Explainability means the model can show which factors drove a score or a decline, in terms a reviewer can audit. It confirms the result is risk based and that protected or proxy attributes are not silently steering the outcome. For underwriting under SUSEP conduct supervision and LGPD Article 20, the carrier must be able to state why a quote or an automated decline happened. WIR scores against a documented underwriting policy, so each decision is defensible rather than opaque.
How does WIR ensure an audit trail for automated decisions?
Every WIR decision is explainable and returns a full audit trail, calibrated to the insurer's documented underwriting policy and risk appetite. The trail records inputs, model version, score, thresholds, and the human who confirmed or overrode the result, then writes back to the policy core. This is the practical answer to LGPD Article 20: criteria and procedures that can be shown on request. WIR states the mechanism, not a certain outcome, and keeps human review where it applies.
Is the data used by the AI compliant with LGPD?

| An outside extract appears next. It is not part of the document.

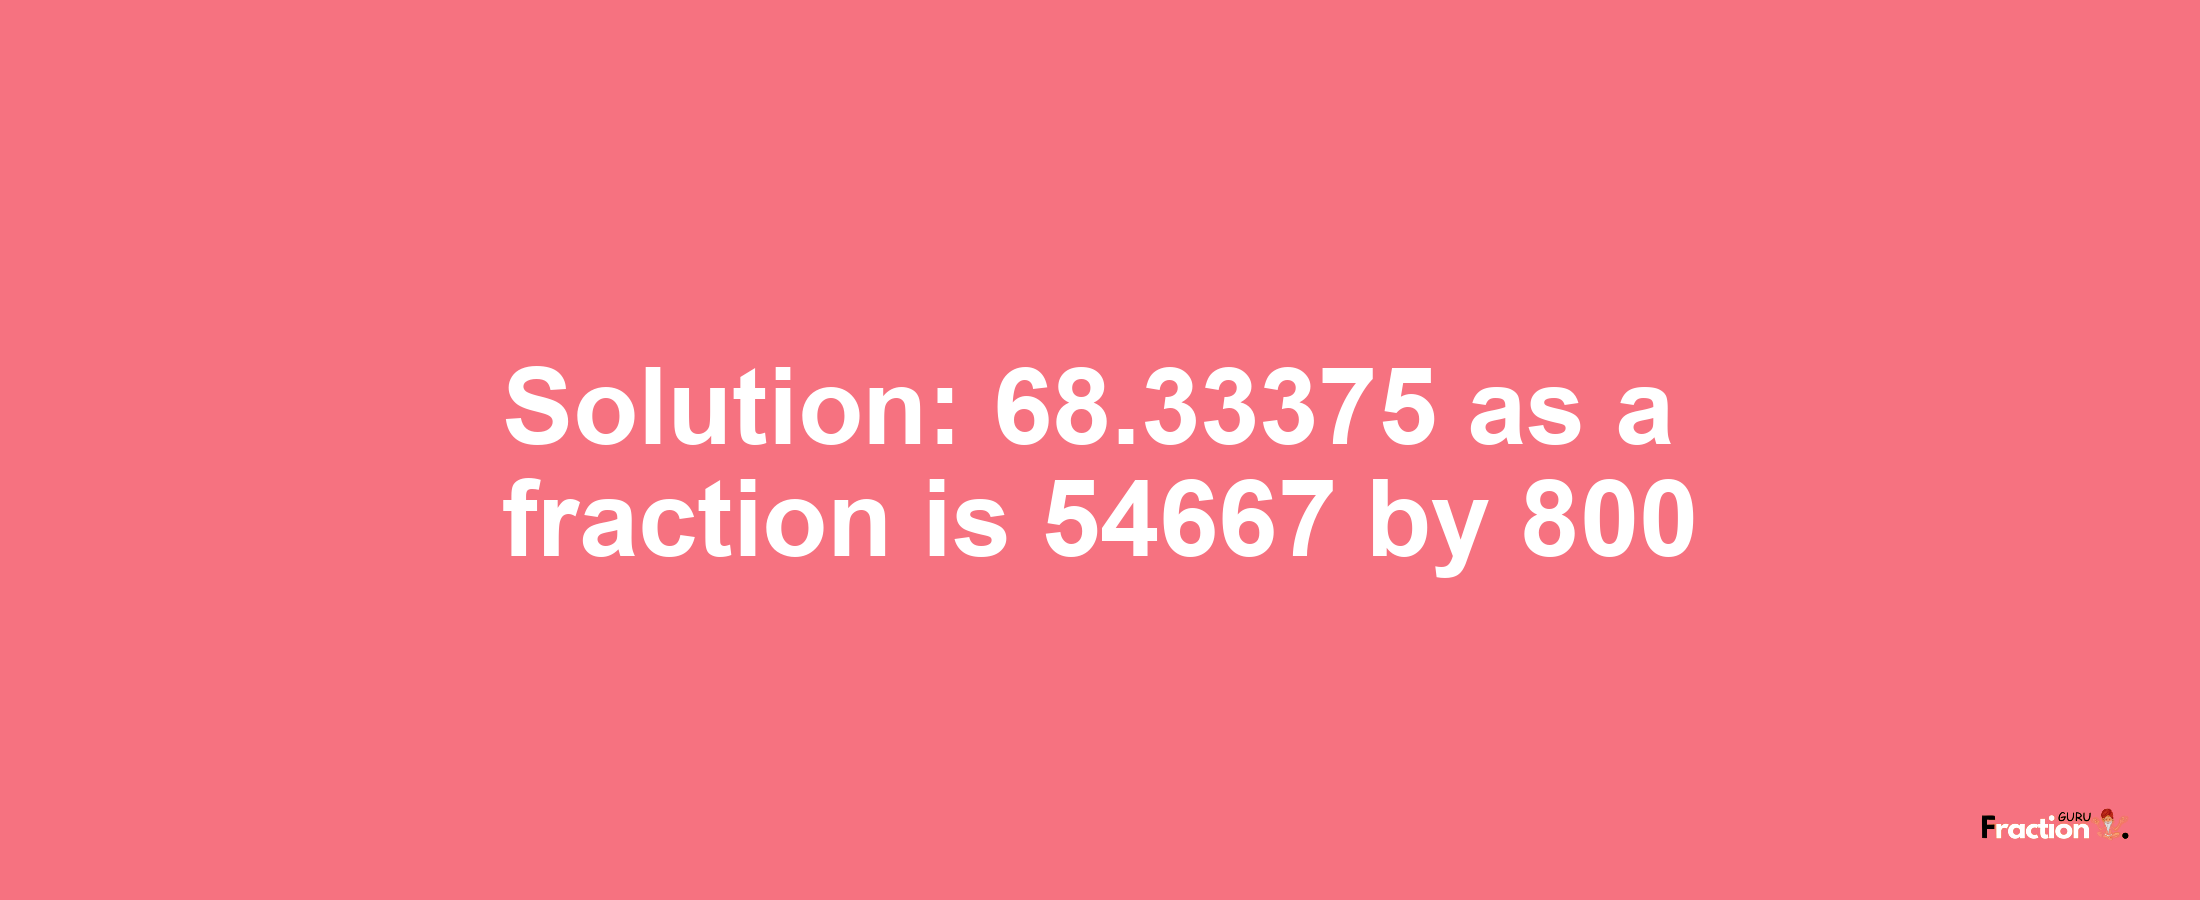 Solution:68.33375 as a fraction is 54667/800
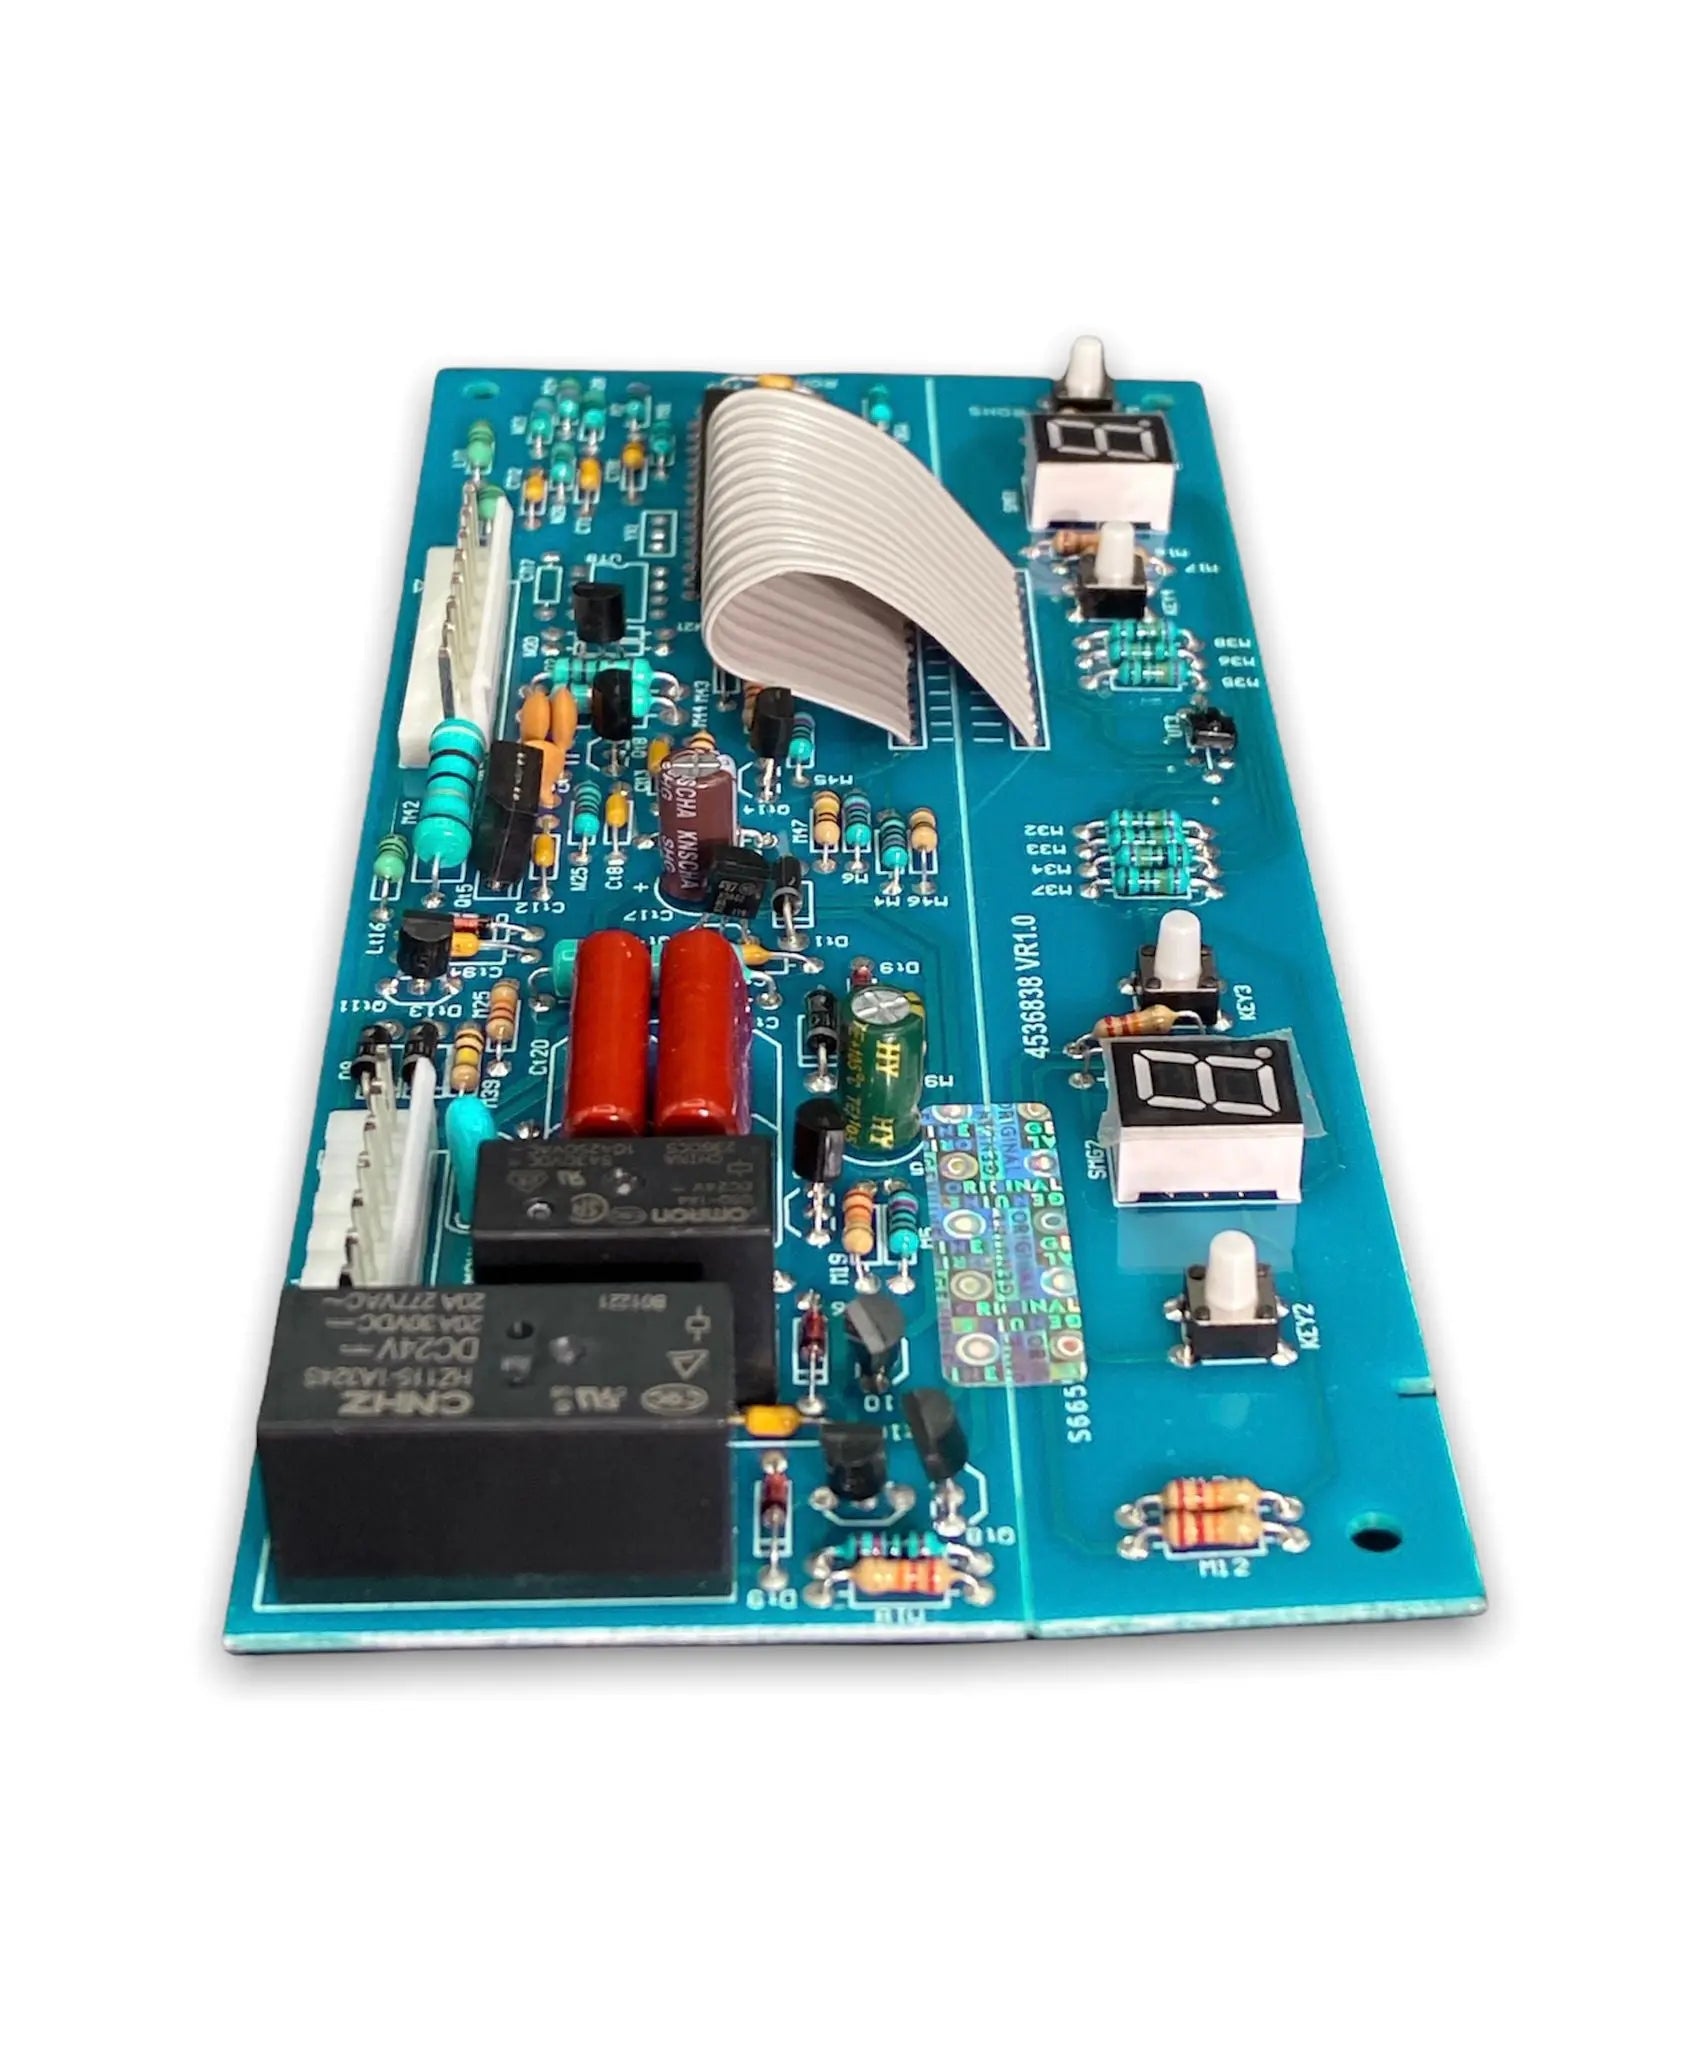 Whirlpool Refrigerator Electronic Control Board - WPW10503278 or W10503278, REPLACES: 8208187 PD00004512 12002339 12002449 12002508 12002509 12002567 12002706 12784415 12784415V 12868502 12868510 12868513 67003867 67004453 67004496 67004907 INVERTEC

Yes. The data WIR processes is encrypted at every step and LGPD compliant by design. Provenance is tracked, so any reviewer can trace which field came from which document, and the criteria behind an automated decision can be shown on request under LGPD Article 20. As Open Insurance widens the data feeding models, governance travels with the data, keeping each source lawful and each decision built on it explainable.
Does WIR replace the core to operate within regulation?
No. WIR does not replace the insurer's core. It is the external AI layer that sits on top of the systems the insurer already runs, 100% external, with no core migration and no load on IT. It is neither an insurer, a broker, nor an MGA, so it does not carry risk. WIR automates the quotation and underwriting journey per the insurer's own risk policy, writing decisions and the audit trail back to the existing policy core.